The intraoperative probe developed in the laboratories uses the same Raman spectroscopy technology as the researchers' first-generation probe to interpret the chemical composition of the tissue examined. The new version is multimodal, also using intrinsic fluorescence spectroscopy to interpret the metabolic composition of the cells, as well as diffuse reflectance spectroscopy to analyze intrinsic tissue absorption in patients.
During recent testing on 15 brain surgery patients, sequential use of these high-sensitivity spectroscopy techniques—integrated into a single sensor coupled with a detection system, in combination with stimulating lasers, a highly sensitive camera, and a spectrometer—the surgeon benefited from molecular imaging that provided never-before-seen accuracy, with cancer detection sensitivity improved by about 10% compared with the first-generation probe.

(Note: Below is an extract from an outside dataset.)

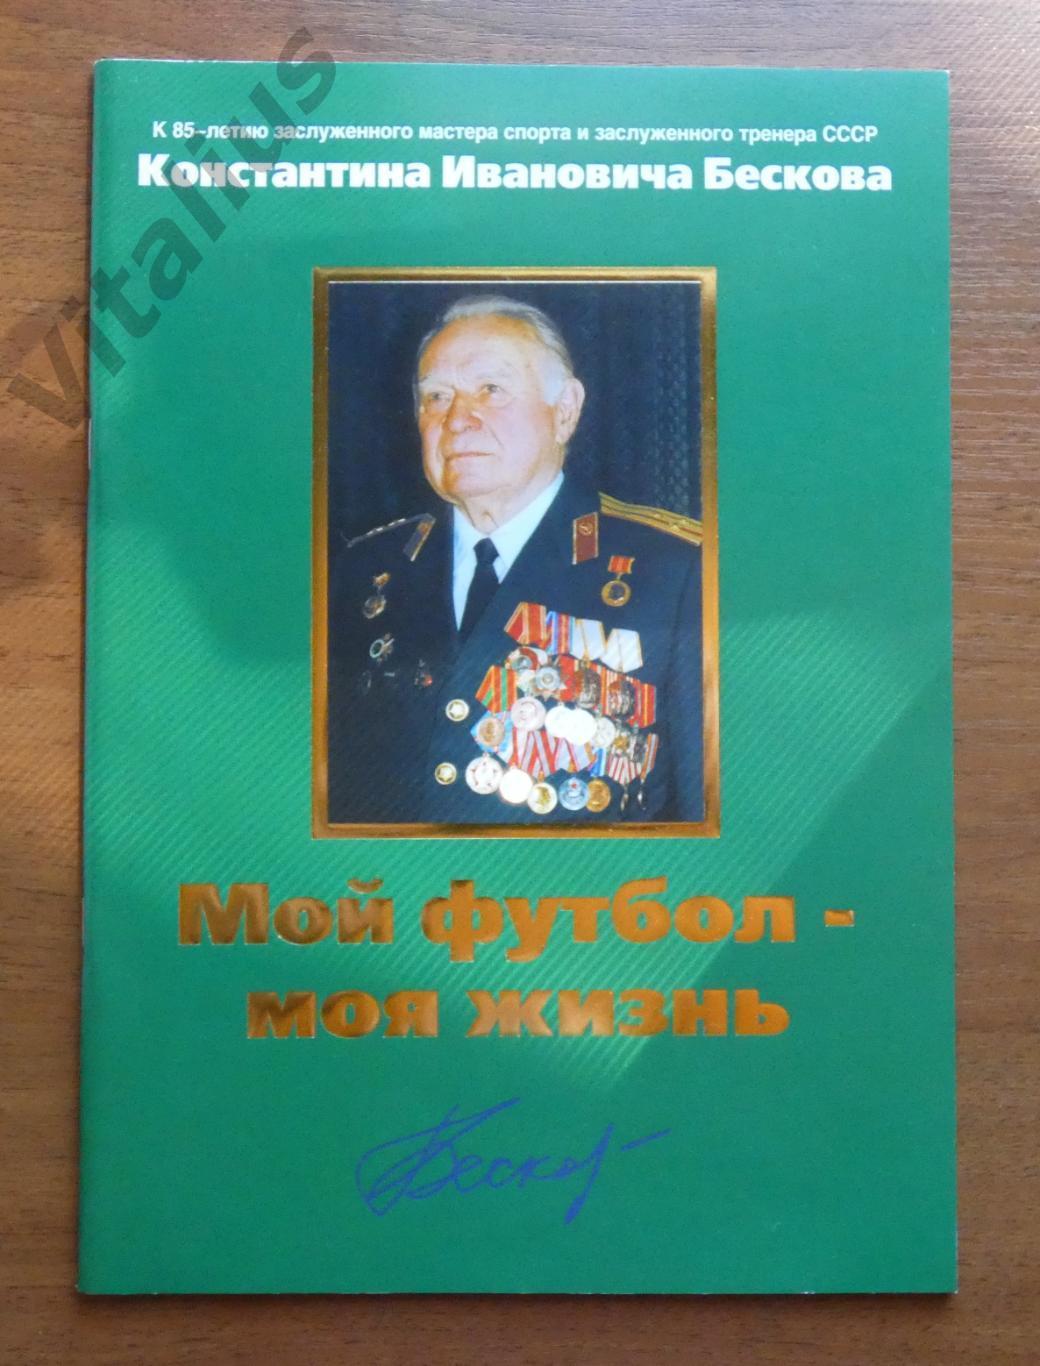 Книга К 85-летию К.И. Бескова. Мой футбол - моя жизнь. 2005 г.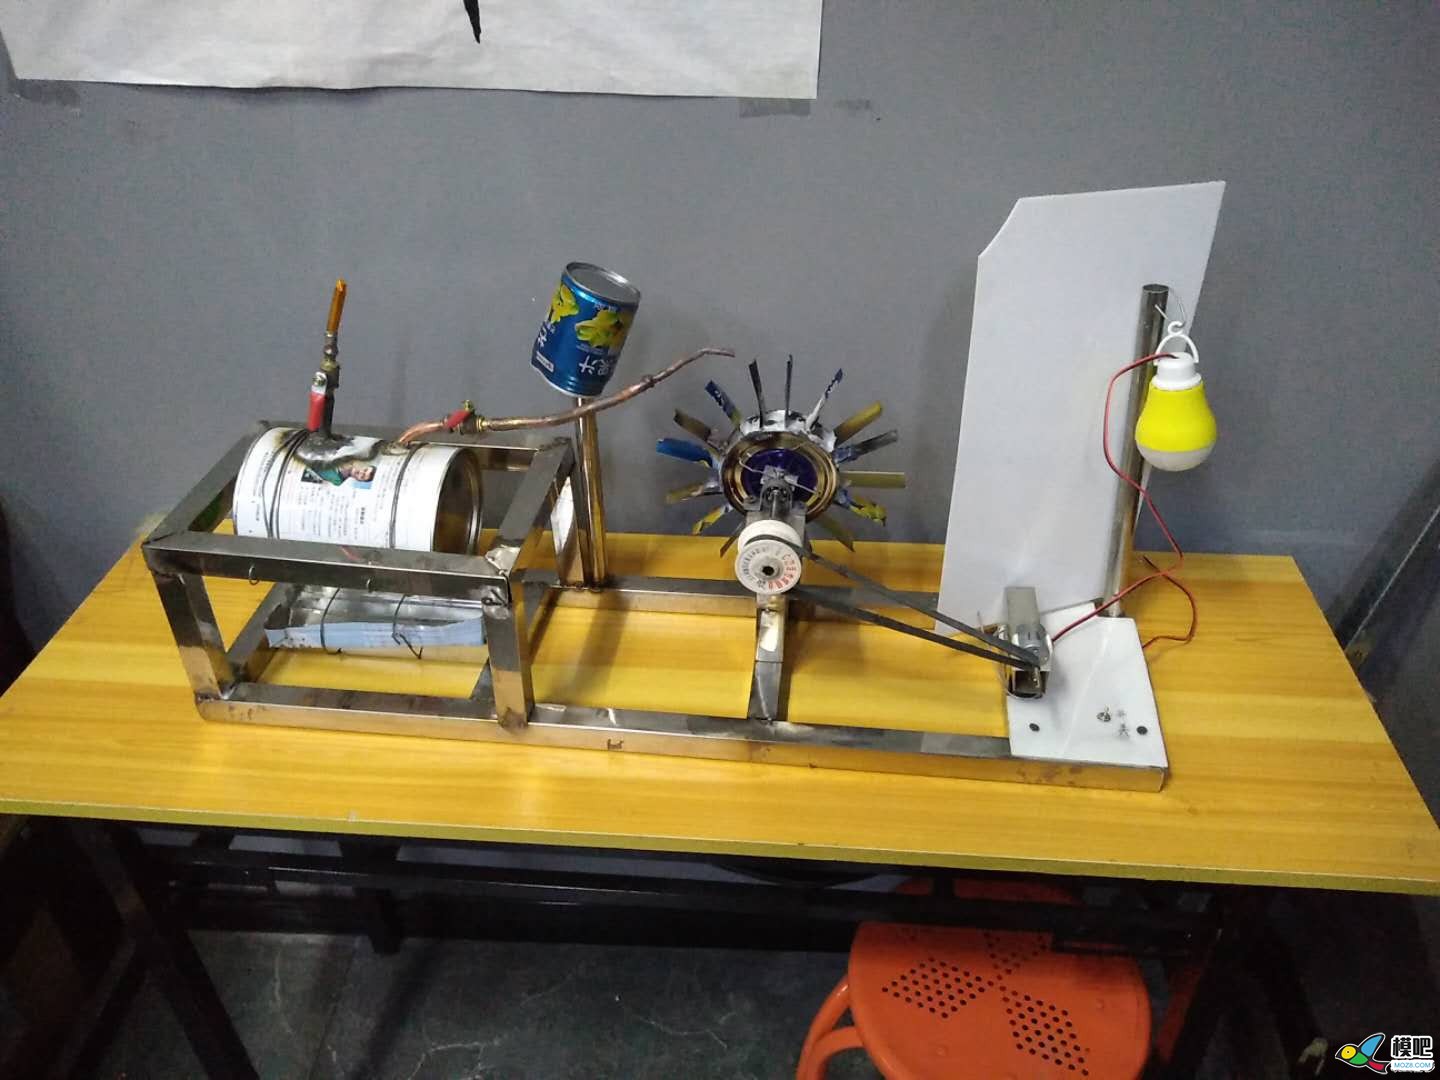 学校小实验竞赛------汽轮发电机制作。 电机 作者:耍流氓的小屁孩 7106

The first-generation Raman spectroscopy probe is currently the subject of a randomized controlled trial involving patients with gliomas. The study will demonstrate the clinical benefits of intraoperative probe use during brain surgery. The results will be used to establish the protocol for an upcoming clinical trial of the second-generation multimodal probe.
In 2015, Petrecca and Frédéric Leblond, Professor of Engineering Physics at Polytechnique Montréal and a research fellow at CRCHUM, created a company, ODS Medical, to commercialize the probe. They have since initiated the formal approval process with the FDA to ensure transfer of the technology to hospital settings within a few years.
Full details of the work appear in the journal Cancer Research.